» **What to do**
When the line containing "hd wallpapers neymar" is found in the data below, give it again along with every later line, exactly; drop the pictures.
*** Opening Collected data ***
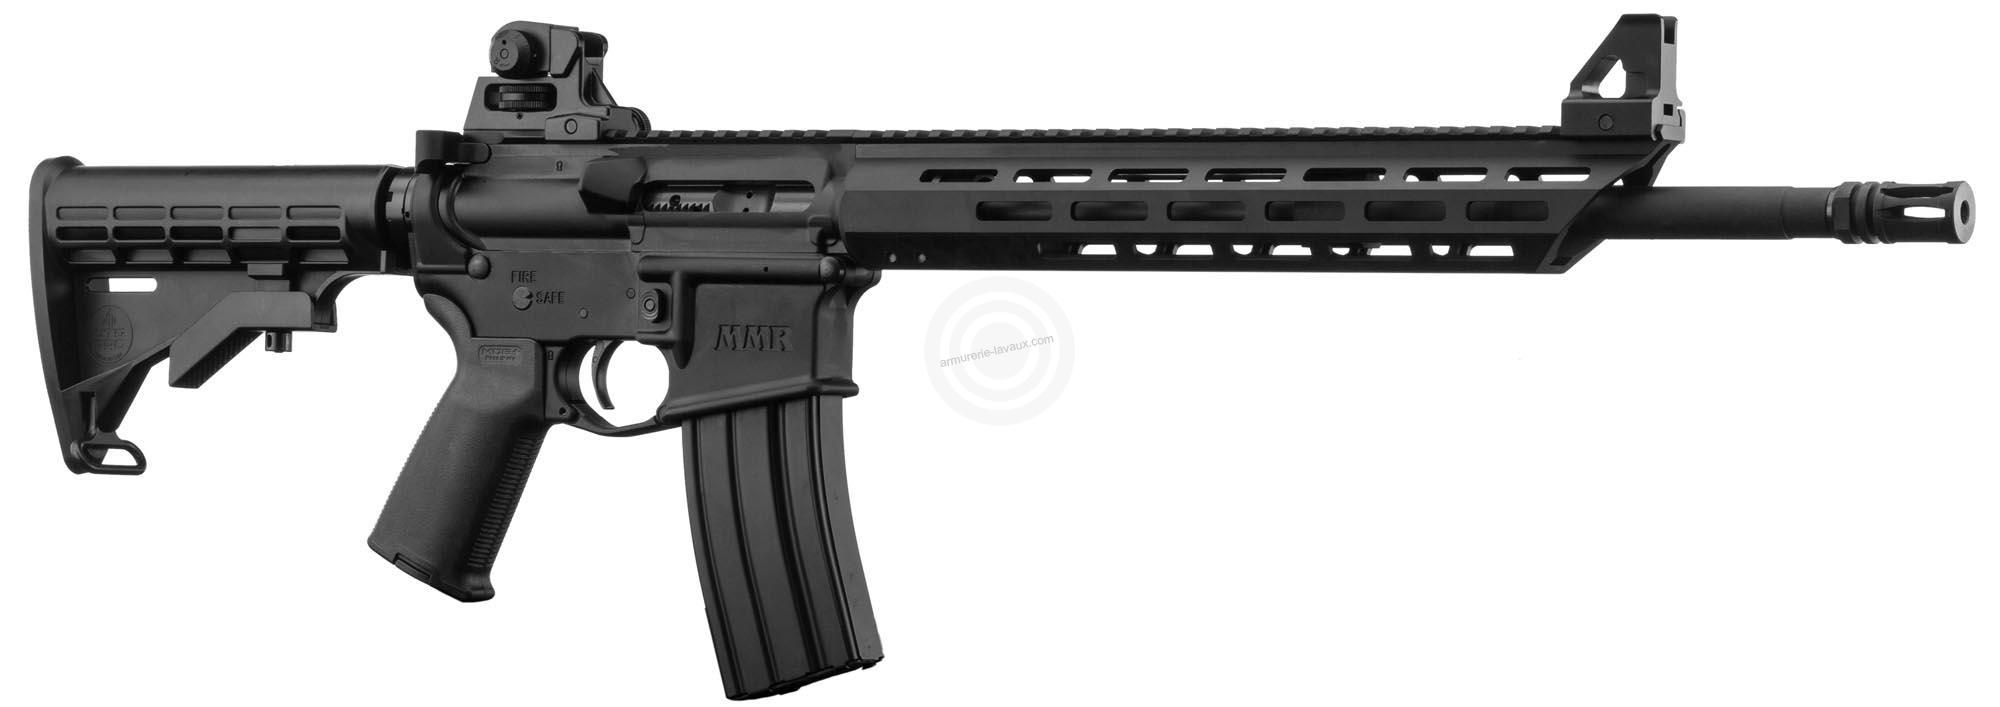 Carabine MOSSBERG AR15 MMR TACTICAL Gén.2 cal.223 Rem
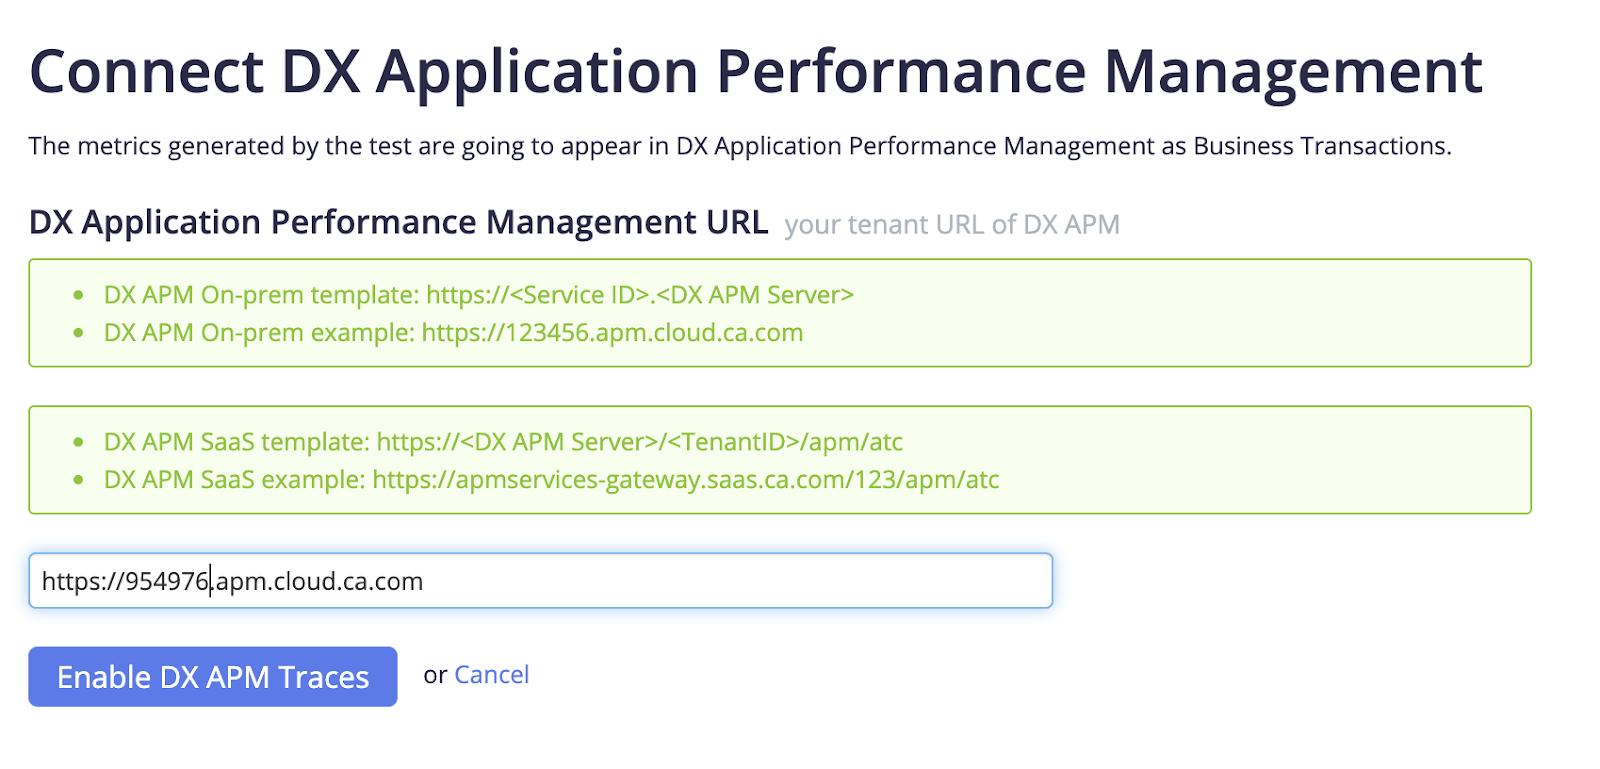 DX Application Performance Management
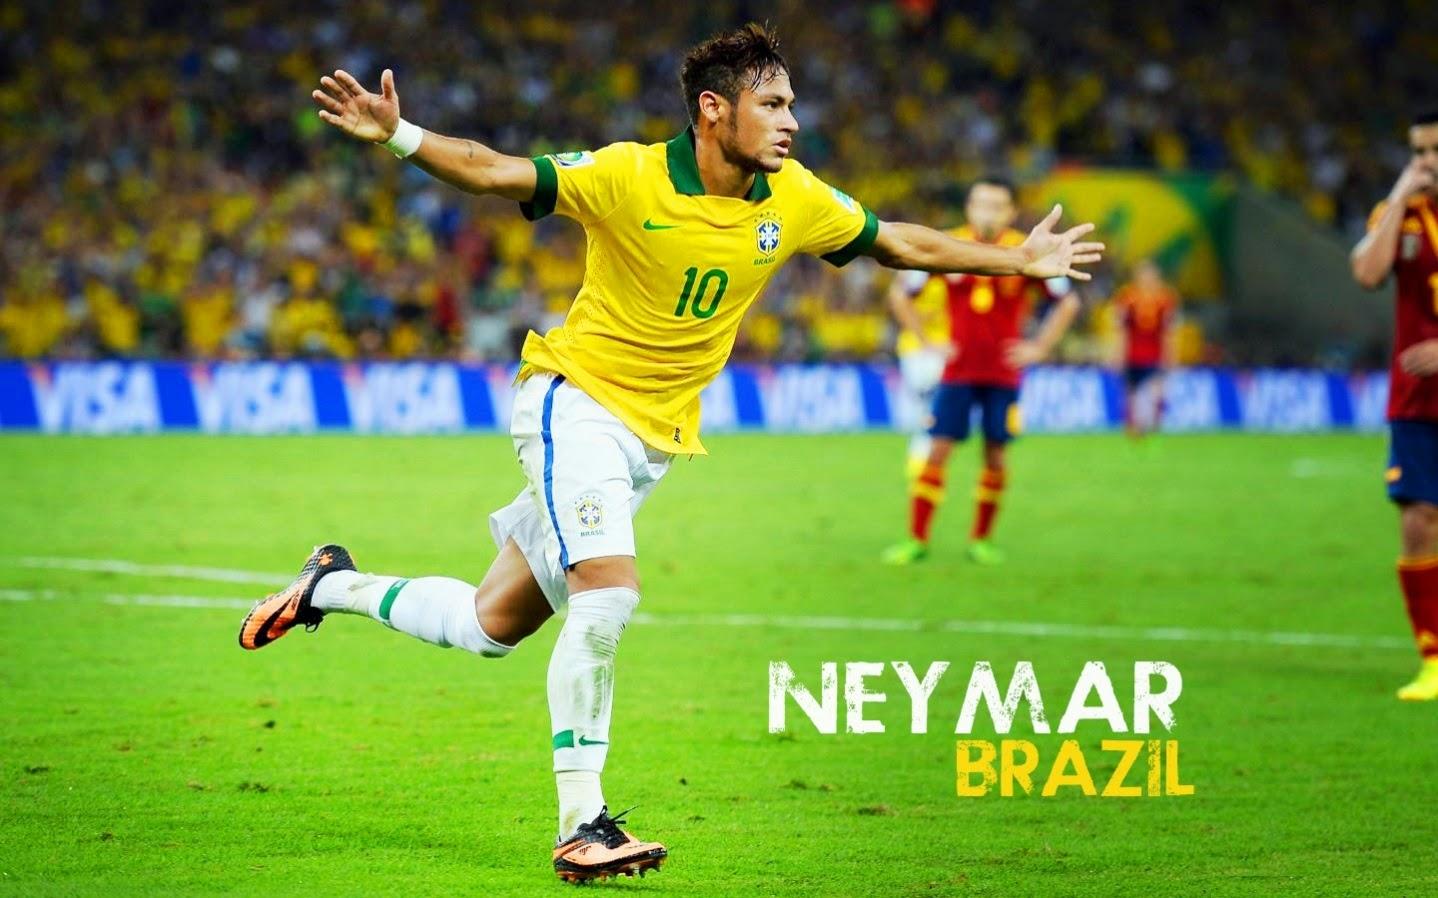 hd wallpapers neymar jr fifa world cup 2014 hd wallpapers 1438x898
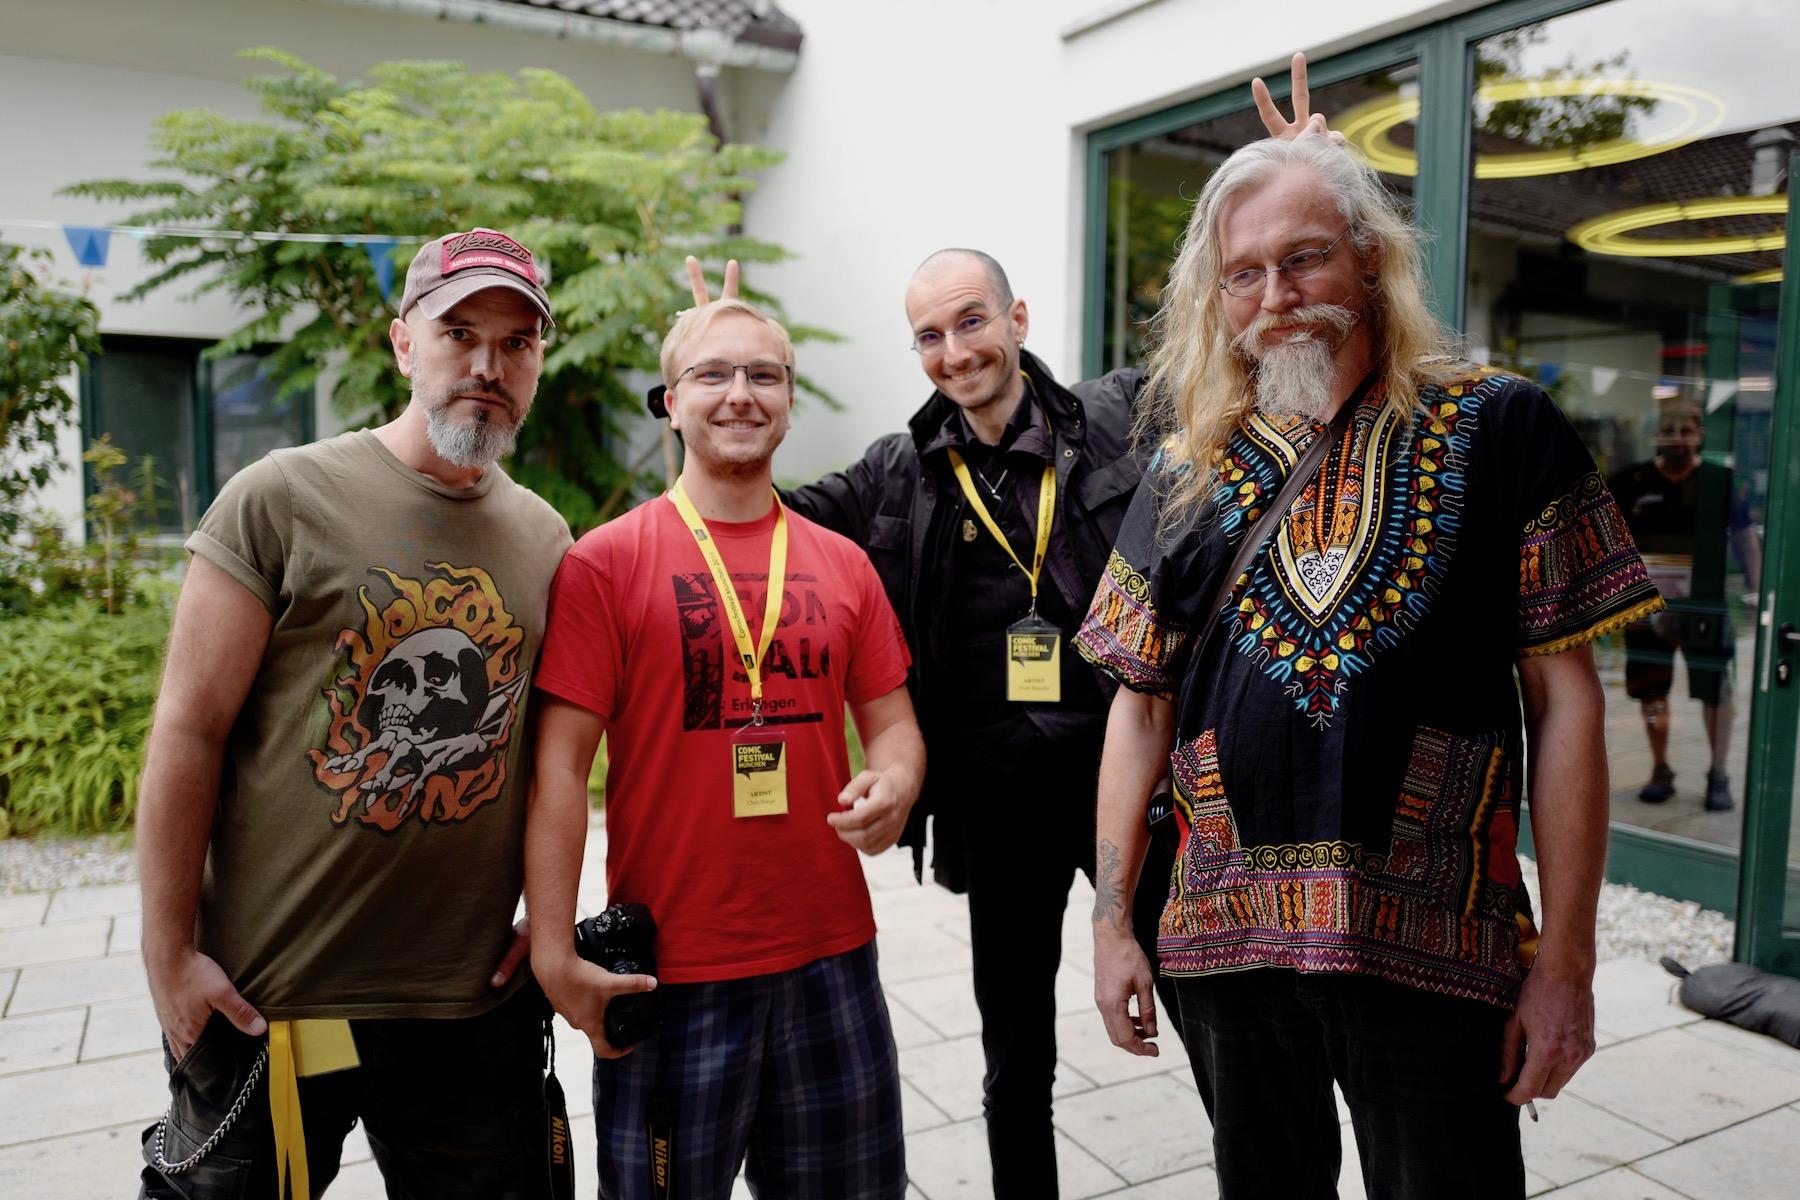 mark_benecke_cfm19_comic_festival_muenchen_u_comix - 14.jpg
*** Closing Collected data ***
» **Output of the task**
 hd wallpapers neymar jr fifa world cup 2014 hd wallpapers 1438x898
 mark_benecke_cfm19_comic_festival_muenchen_u_comix - 14.jpg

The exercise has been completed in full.